Wednesday, September 22, 2010

The Bead Chic Challenge...

A few months ago, Margot Potter contacted me about participating in a unique challenge for her latest book project, Bead Chic. Margot is the author of five how-to craft books and has contributed to several others. CLICK HERE for a list. The premise of her new book is to explore the foundations of jewelry design and empower the reader with the confidence and tools to make the designs they see in books and magazines truly their own. It's all about claiming individual style! Each of the 36 designs featured in the book is accompanied by a variation, as an example of how differently pieces can be interpreted. My challenge was to take two of her lovely designs and put my own spin on them.

The first challenge was to redux Margot's necklace, Nights in Tunisia. Her version is brightly colored, featuring a peacock feather pendant, tumbled stone beads and blue-coated chain.
My assignment was to tackle the design element of pattern. The result is my necklace, Nights in Carthage. I kept several of the structural and thematic elements, but opted for a more earthy flare. I used a laser-engraved shell pendant from Lillypilly Designs, natural brass chain and jump rings from Vintaj, smoky topaz ABx2 Czech seed beads from Byzantium in Columbus, OH (which has recently closed), rough cat's eye from Bead Trust, and Swarovski crystals from Fusion Beads.

My next task was to address the issue of color in Margot's Psychedelia Bracelet. Her bracelet boldly features the three primary colors with black and silver accents. Most of the color in her bracelet can be found in the flat rainbow calsilica ovals.

My version is called, Woodstock Summer. I multiplied the three dangles in Margot's bracelet and made them take center stage. I used a mix of materials in varying shades of red, yellow and blue – semi-precious stones, faceted pearls, Swarovski crystals, Czech glass, amber nuggets and coral beads. I love the jingling movement of Woodstock Summer and how the different materials, some transparent and some more opaque, create an ever-changing pattern of cast-shadows and reflections. I think this is a good example of taking a kernel of an idea and really growing something different.

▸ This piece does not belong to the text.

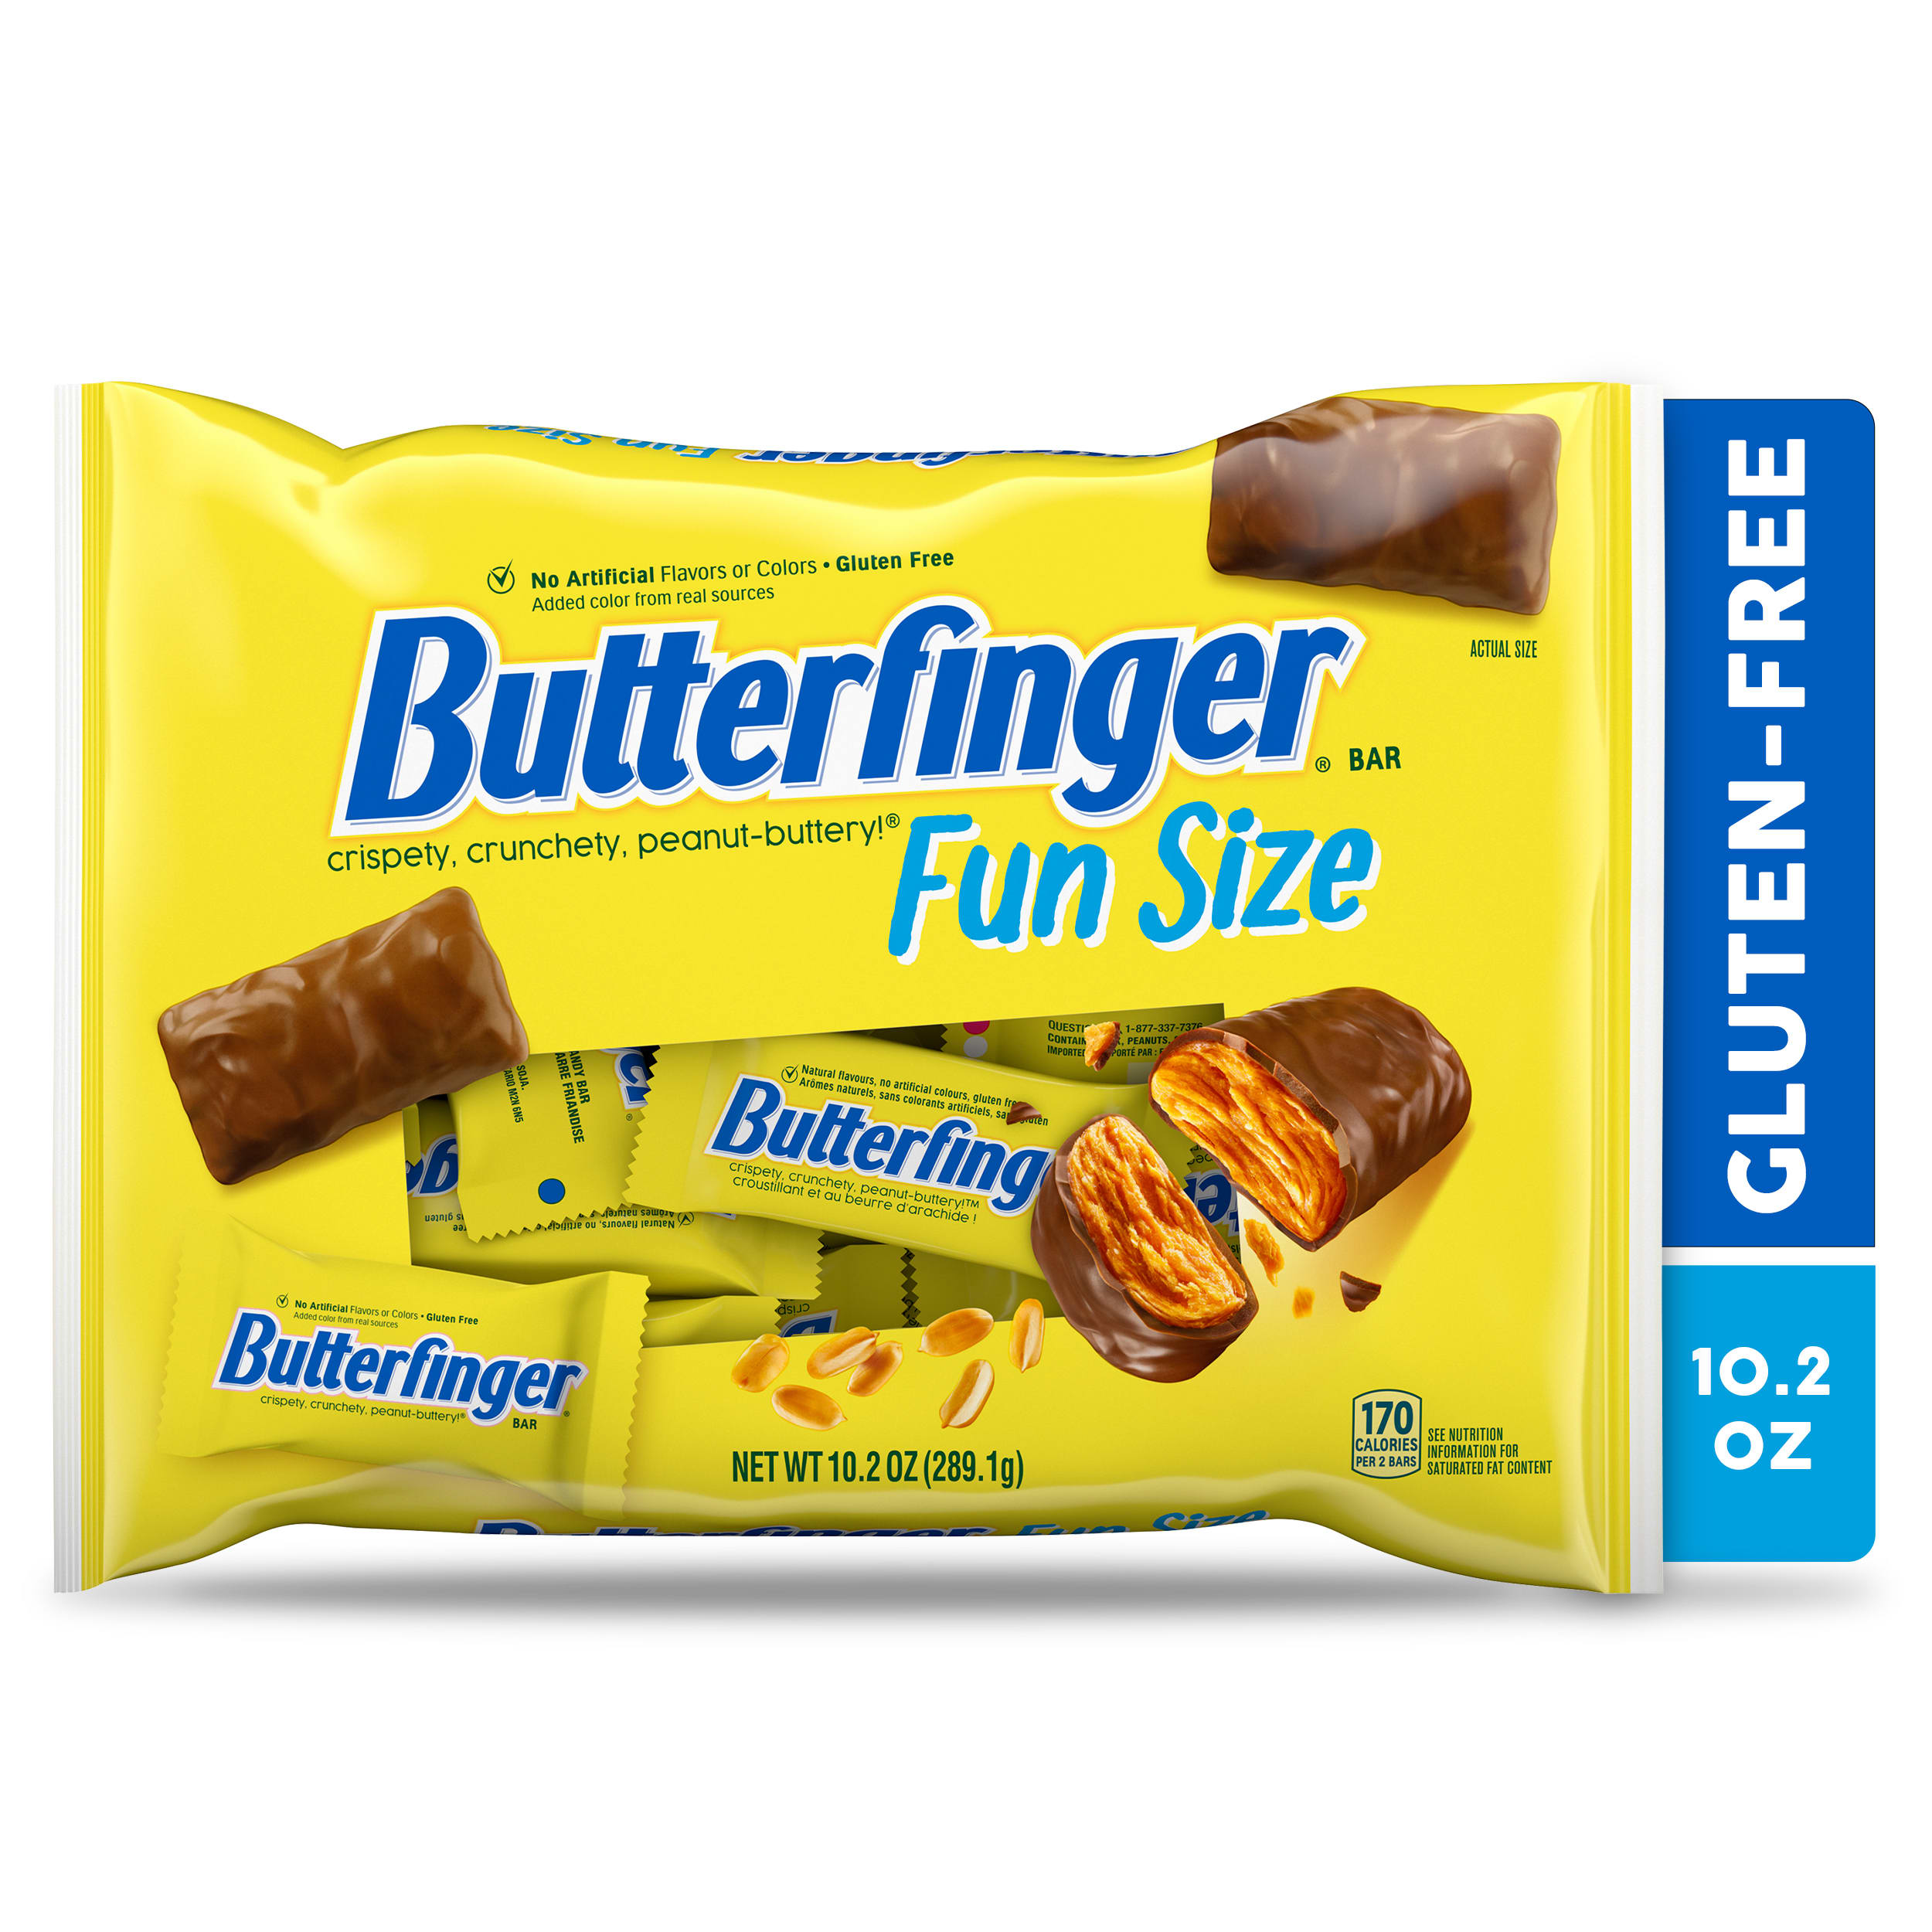 Butterfinger, Chocolatey, Peanut-Buttery, Fun Size Candy Bars, 10.2 oz - image 1 of 11

I think that this book is most excellent for jewelry designers of every level. It covers basic techniques, provides helpful tips and includes step-by-step photography, perfect for beginners. For the more seasoned designer, the book is full of inspiration and acts as a creative springboard. Margot also shares an extensive resource list, featuring unique and interesting components. A good resource list is worth its weight in gold! I definitely recommend checking out Margot Potter's new book, Bead Chic.

6 comments:

TesoriTrovati said...

It looks like a great book and I am awaiting getting a copy. It is on my wish list right now.

I like your versions and can't wait to see the rest.

I love the idea of being influenced artisitically by designs that you like, but it is essential to put your own spin, your own flair into it. You have done just that.

Thanks for sharing the inspiration. Enjoy the day!
Erin

TesoriTrovati said...

It looks like a great book and I am awaiting getting a copy. It is on my wish list right now.

I like your versions and can't wait to see the rest.

I love the idea of being influenced artisitically by designs that you like, but it is essential to put your own spin, your own flair into it. You have done just that.

Thanks for sharing the inspiration. Enjoy the day!
Erin

Doreen said...

I like your spin on both of these. Now I have to get the book so I can see what Margot made!

For My Sweet Daughter said...

I bought this book a week or two ago and have been flipping through it almost every night. It's very well done and I love your versions of her pieces.
Shannon

Margot Potter said...

Your designs (as usual) were exquisite. Thank you so much for being a part of my book and for the kind words.

xoxo
Madge

Andrew Thornton said...

Thank you for generously allowing me to participate in your gorgeous book! It was an honor and a pleasure.